11.16.2010

Resume Building

Now that I'm taking 5 years in college, I can put off worrying about my resume for a little bit longer. It's a bit of a relief knowing I'm going into a field where summer internships aren't expected, if not demanded. That's not to say that you shouldn't do something with your summers though.

So I'm looking at my options. Summer study abroad programs are still available and I'm considering a couple of them. Or I could stay in Columbia and take summer courses and possibly work and help out with a couple of programs I know of. Or I could go back to Indiana and work at a tutoring place or volunteer with the high school while taking online summer courses. Or I can do what I was going to do last summer and do the Wilderness Leadership stuff. I have a couple of summers left, so I'm not terribly worried about how exactly I'll build my resume with those. I think any of those options offer solid resume building.

Next semester, I think I will be working at the place I currently volunteer at. A couple of the staff members have singled me out and told me that they want me to work there. I am constantly told how much my time is appreciated. The head of the organization knows my name and none of the names of other volunteers. I'm thinking it's a great opportunity to make a little money and a great place to get references.

I'm also getting a Service Learning certificate and possibly a Multicultural Certificate and a Japanese minor and a Journalism minor and an English minor. Sometimes I worry that all this will seem like I'm unfocused, but they all work so well together, especially with what I hope to do with my life. So that builds up the resume too. The GPA is decent, it's improving as we go on, especially now that I'm not taking Japanese language classes, and I think I have a good chance to make myself competitive in that manner.

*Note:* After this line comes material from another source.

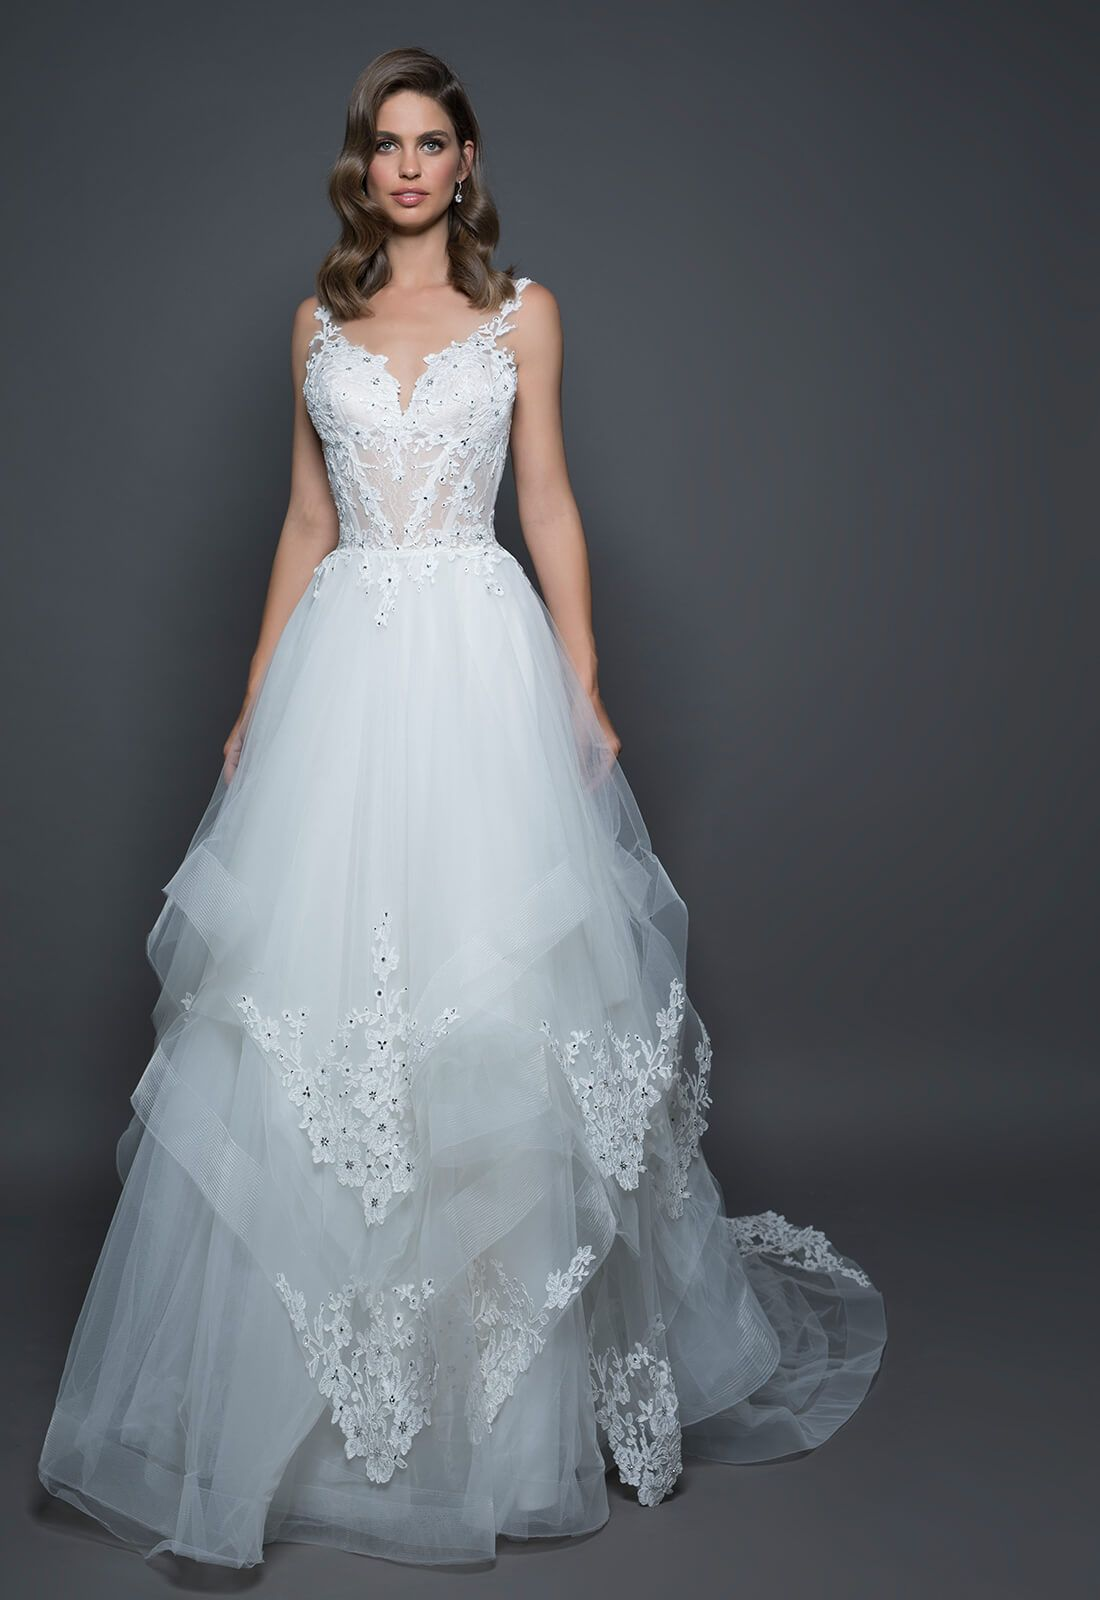 STYLE NO. 14590 | wedding ✨ | Pinterest | Pnina tornai, Wedding and ...

So why, when I do all this, have all this planned, do people still tell me I need to build up my resume? It's solid. I'm good. I don't want a crap ton of fluff. I like what I have. I don't want to join your honors society and take 2 credit hour seminars on things that will be of no use to me just so I can say I was specially selected. I don't want to join your pre-teachers union just so I can act like I understand how they interact with school systems before I see it for myself. I'll tell you right now that 90% of kids who put that on their resume didn't do squat while they were in the society.

I just feel like I'm back in high school and everyone is worried about taking that prep course so they get above a 2100 on the SAT or joining this club and being an officer so they can get into a good college. Just stop it! Do what you want for a change. I can hear the protests - but I need to do this so I can do what I want later. No, you don't. You'll get there if you want it enough. Stop it. I know my audience well enough to know that we've been afforded plenty of opportunities to get there and no matter how much we mess it up, getting where we want is still within our reach. Even if I don't work with the school district in advance, I'll find a job. And I'll get where I want eventually. It'll happen. You'll get there. So just enjoy your life for a change. Stop worrying about your resume and do something that you might not even put on your resume. You'll thank me later.